01
Background
From finance to wedding films
Over time, weekends became the part of the week I looked forward to most.
I studied accounting in university and thought I would follow a typical office path. After graduation, I worked in finance and moved through different roles. The work was stable, but it often felt like I was following a script that was not mine.
During that period, I had a chance to start a production house with friends. It did not work out, but it changed something in me. I started filming weddings on weekends while still working full-time as an accountant. Over time, weekends became the part of the week I looked forward to most.
10 over years ago, I reached a crossroads: stay in finance, or commit fully to wedding films. I took a leap of faith into full-time wedding videography, and I have stayed with it since. And today, Our Wedding Story is the result of that transition.
02
Approach
My Style: Cinematic and Documentary
A wedding day has two speeds. The big cinematic moments, and the quiet in-between moments.
A wedding day has two speeds. The big cinematic moments, and the quiet in-between moments.
Cinematic moments give shape, mood, and beauty.
During couple portraits or bridal party sessions, I step in with gentle guidance to help you feel comfortable and look natural on camera.
Documentary moments protect what is real.
When the day unfolds, like veiling, vows, solemnisation, speeches, or quiet family interactions, I step back and film continuously so the emotions are not broken into fragments.
Why combine both?
Because a wedding is both crafted and unplanned.
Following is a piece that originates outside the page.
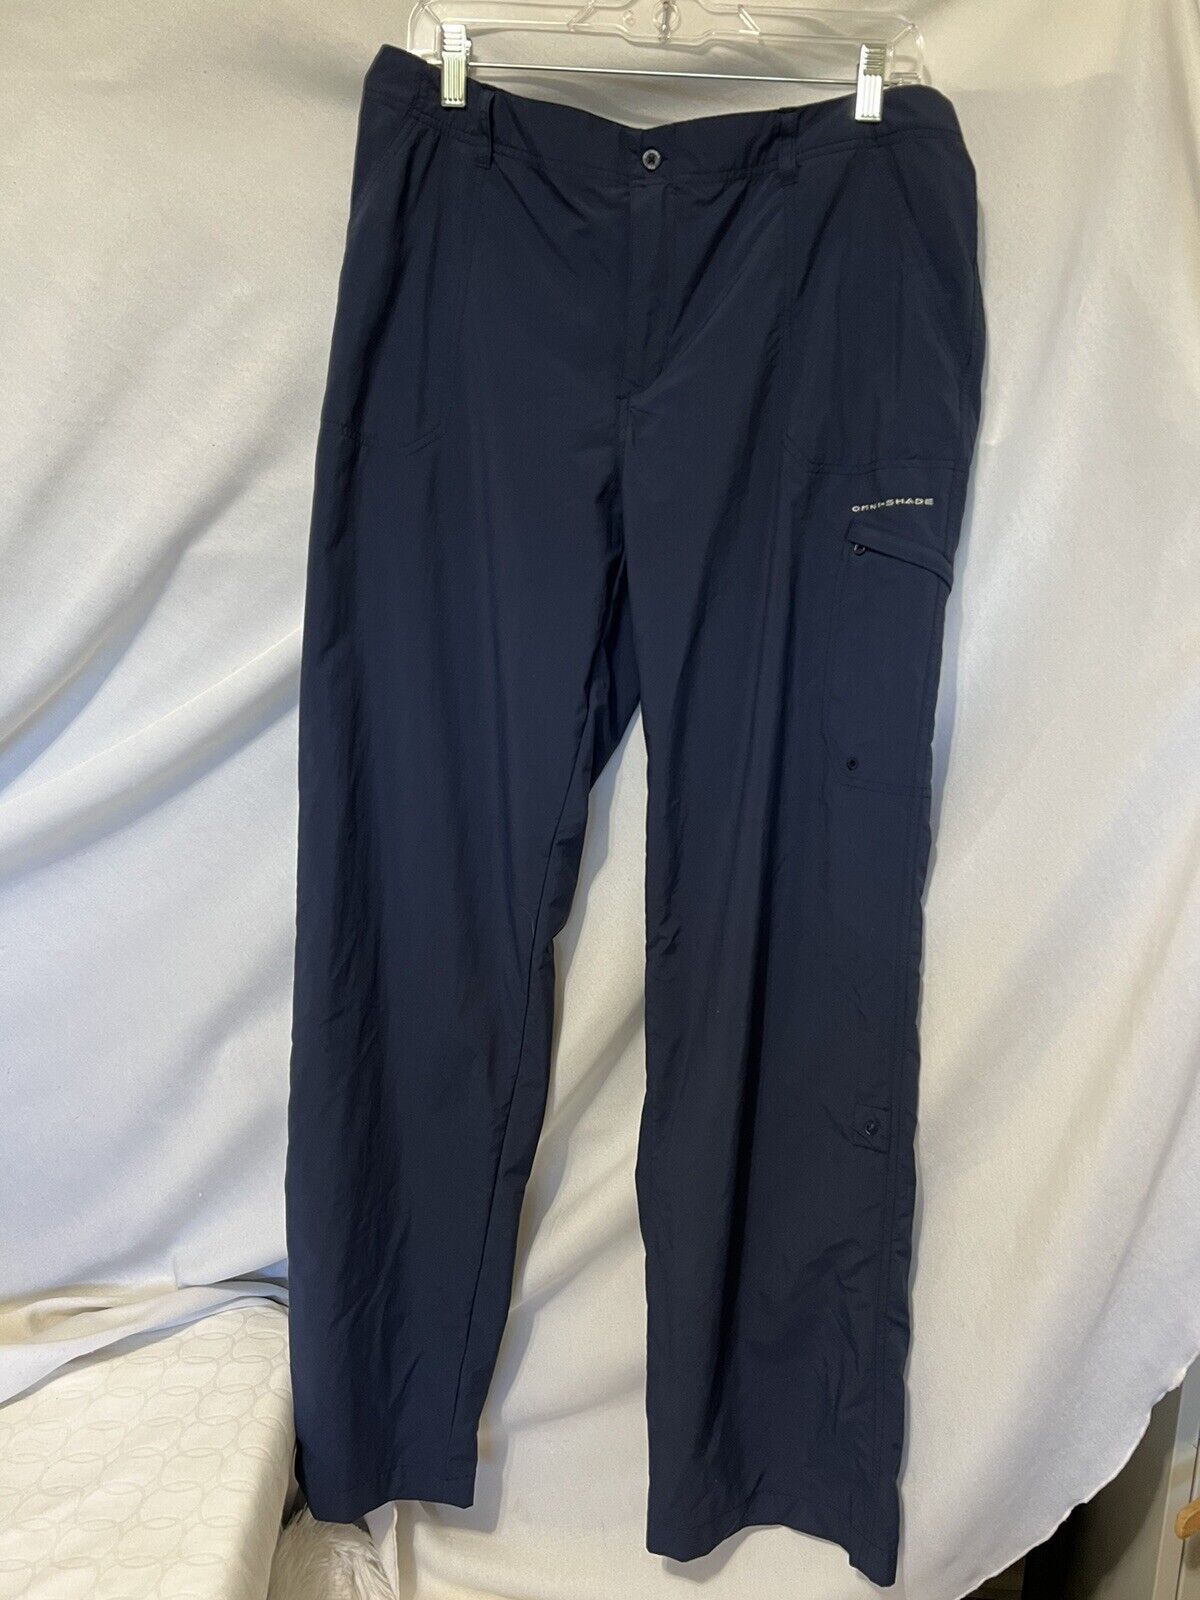 Columbia Pfg Performance Gear Pants Women's Size 14 Navy Omni Shade Euc
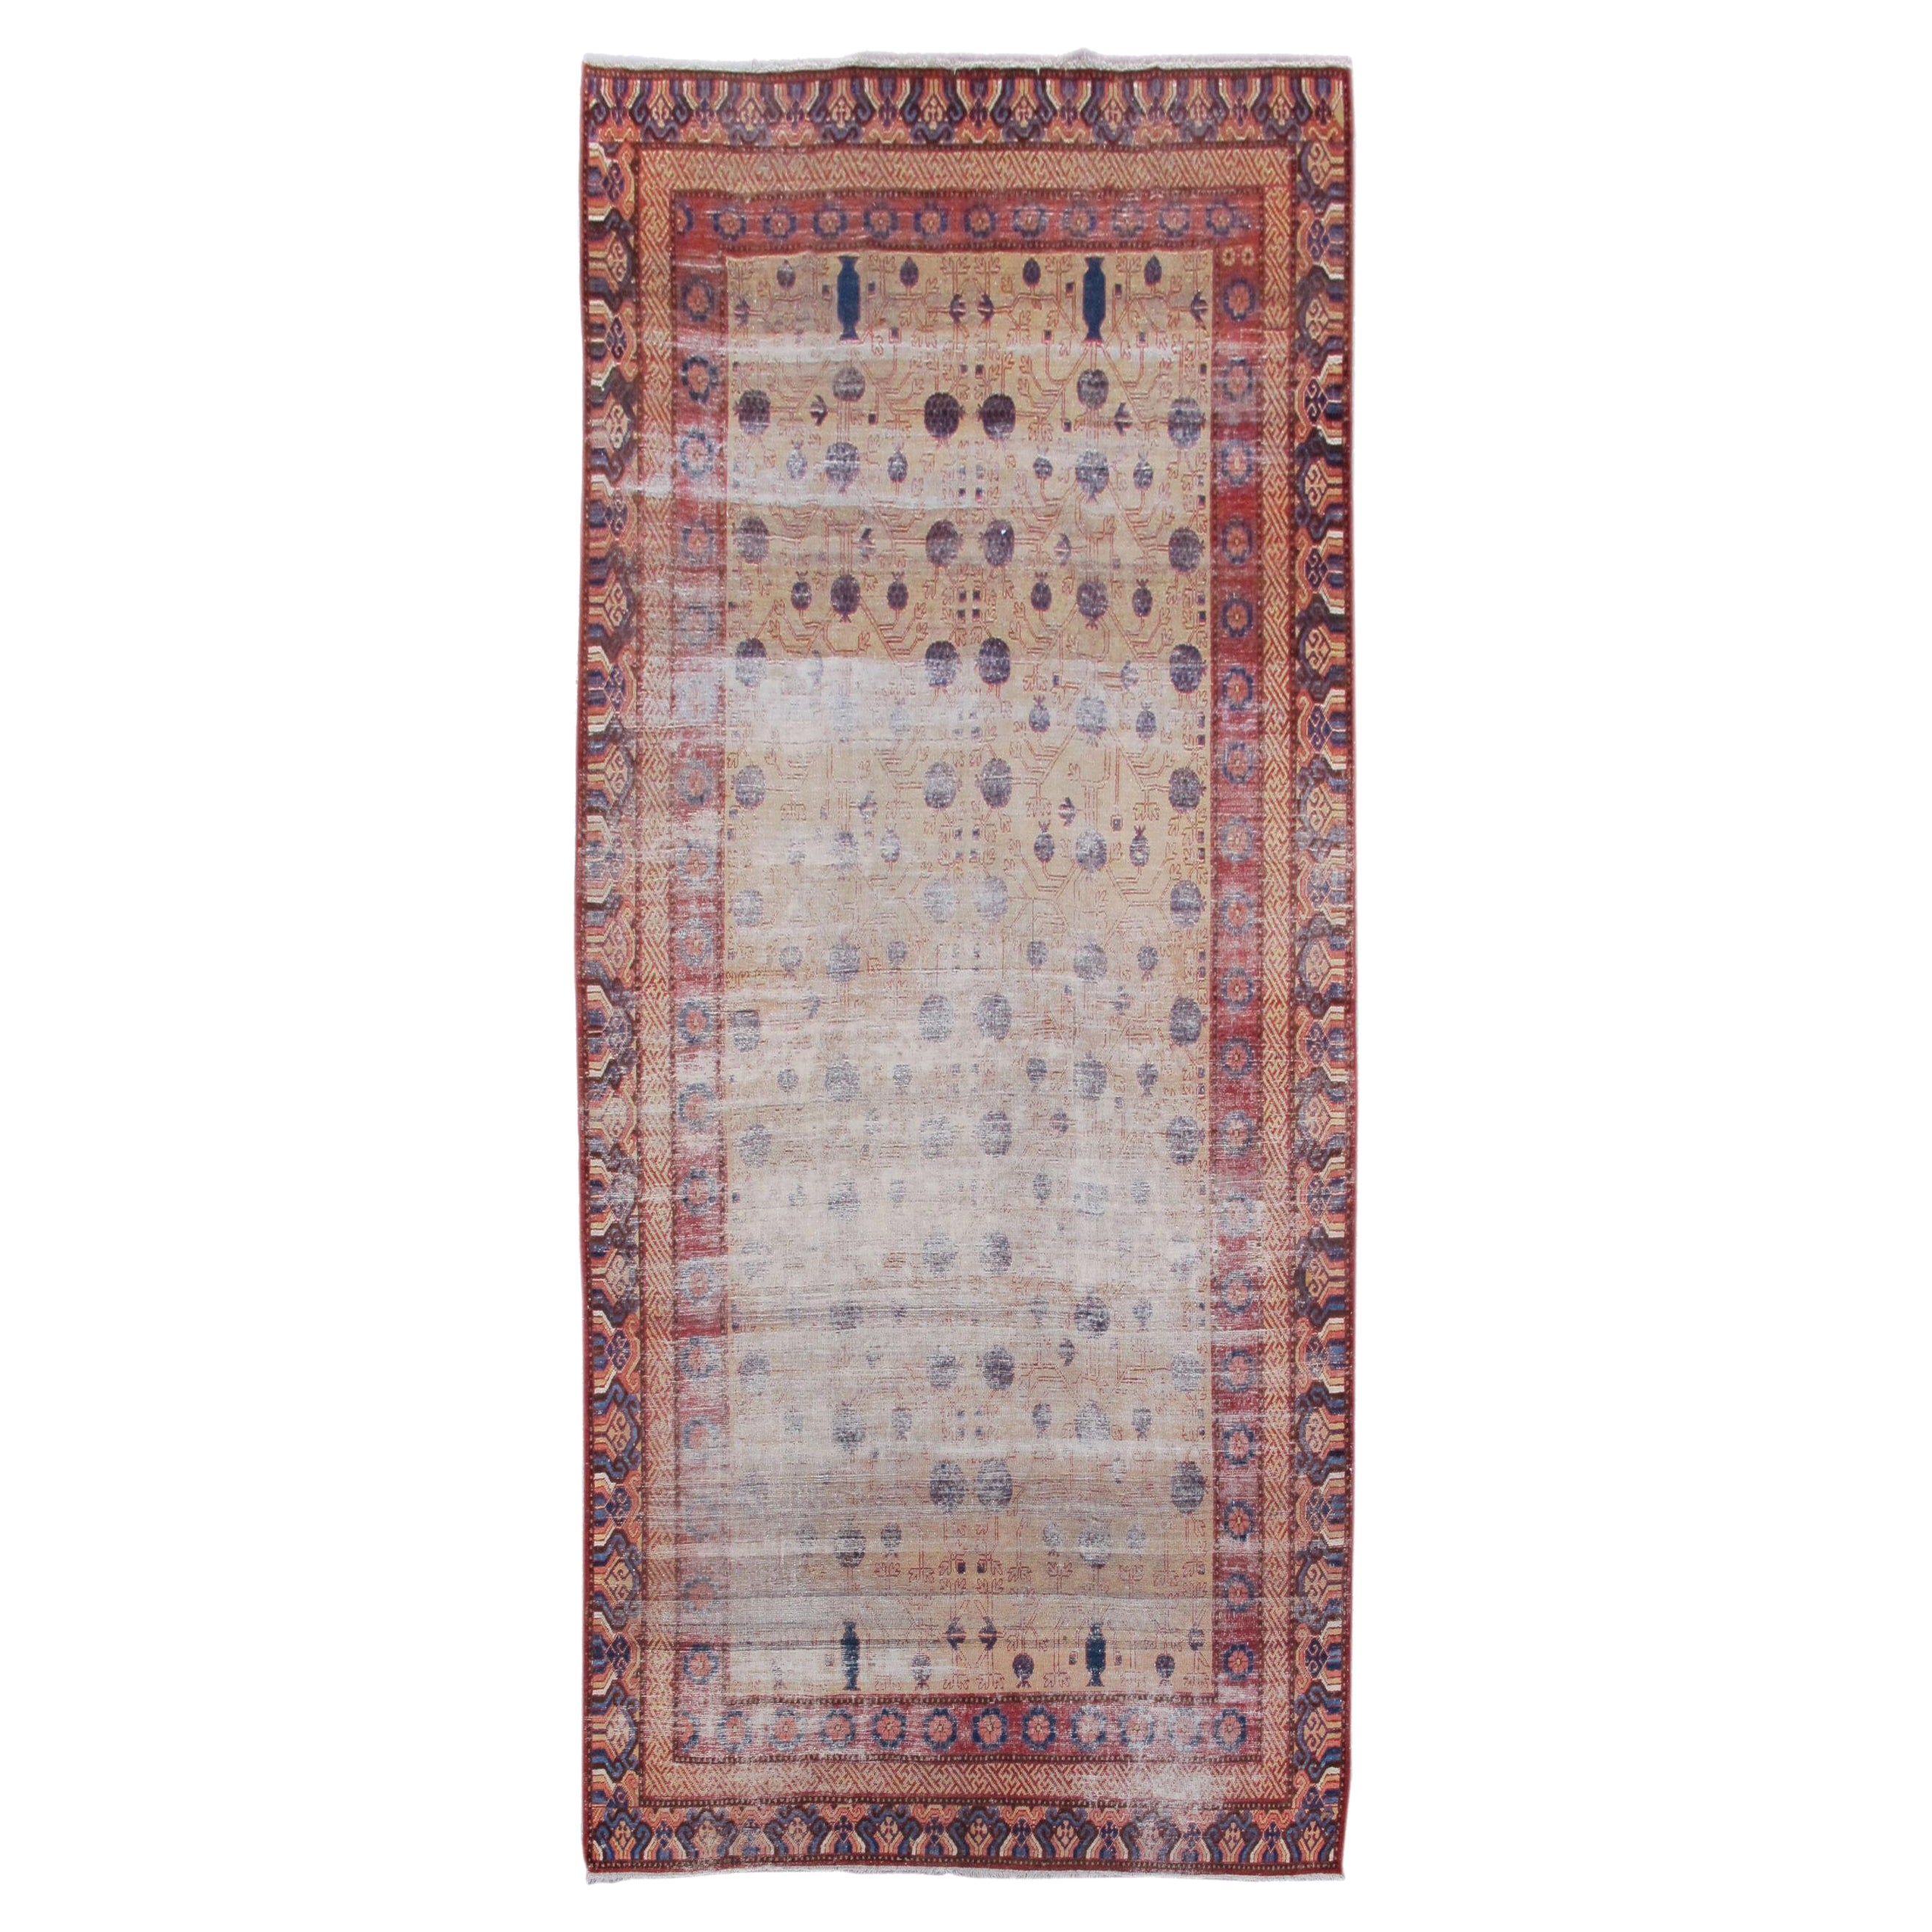 Antiker Khotan-Teppich, frühes 19. Jahrhundert

You remember the beauty, but you also remember the pauses, the voices, and the little reactions in between. Cinematic shots give atmosphere. Documentary coverage gives truth. Together, they let you relive the day as it felt.
03
Aesthetic
Framing, Colour, and Timelessness
My focus is to make films that still feel honest and watchable many years from now.
I often make use of space in my compositions.
For me, space creates breathing room. It helps the frame feel calm, not crowded. It also gives emotional weight to small gestures, and shows the scale of a venue without taking attention away from people.
For colour, I prefer a warm palette while keeping the vibrance of the day. I want skin tones to feel natural, flowers and lights to stay alive, and the overall mood to feel intimate.
I also include black and white in selected moments. Without colour, expression becomes clearer: a hand tightening, a glance before vows, a parent’s face during march-in. It helps the emotion stand on its own.
When I built Our Wedding Story, I wanted the brand to reflect my style and also leave room for each couple’s personality. Trends matter, but trends pass. My focus is to make films that still feel honest and watchable many years from now.
04
Workflow
My Equipment and Workflow
Over the years, I built a portable system that helps me film with the coverage mindset of a larger crew while staying efficient as one person.
I have filmed with Lumix since the beginning, starting from the GH3. It was not the trendiest option at the time, but it fit the way I work. It was practical, intuitive and really reliable.
I upgraded my equipment over the years and today I use the Lumix S1II, with a two-camera setup on wedding days. This gives me a backup and helps me capture two angles during key moments, for example both bride and groom reactions during vows or parent speech reactions.
My lens set includes
- 24mm, 35mm, 50mm, 85mm primes
- 24-60mm zoom for flexible coverage
How I usually use them
- 24-60mm zoom for fast-moving moments like gatecrash
- 35mm / 50mm for couple and bridal portraits
- 24mm with gimbal for venue atmosphere and scene movement
- 85mm for speeches and church moments
As I work as a solo wedding videographer, workflow is important. Over the years, I built a portable system that helps me film with the coverage mindset of a larger crew while staying efficient as one person. I now edit actual day videos and wedding films on a MacBook Pro M4 and deliver them in 4K.
05
Perspective
A Personal Note
That perspective shapes how I film your day.
Currently I live in Tampines with my family (the best side of Singapore, if you ask me!). While I travel all across the island from the East to the furthest reaches of the West, the drive home always gives me time to reflect on the stories I have just captured.
I am also a husband and a father to a 7-year-old daughter. Fatherhood changed how I see weddings. Moments between parents and children now hit me differently, especially veiling and march-in. I still care deeply about visuals, but I pay even more attention to emotional continuity and family connection.
That perspective shapes how I film your day. I am not only documenting an event. I am helping to keep the beginning of a family story. And I would be honored to tell yours.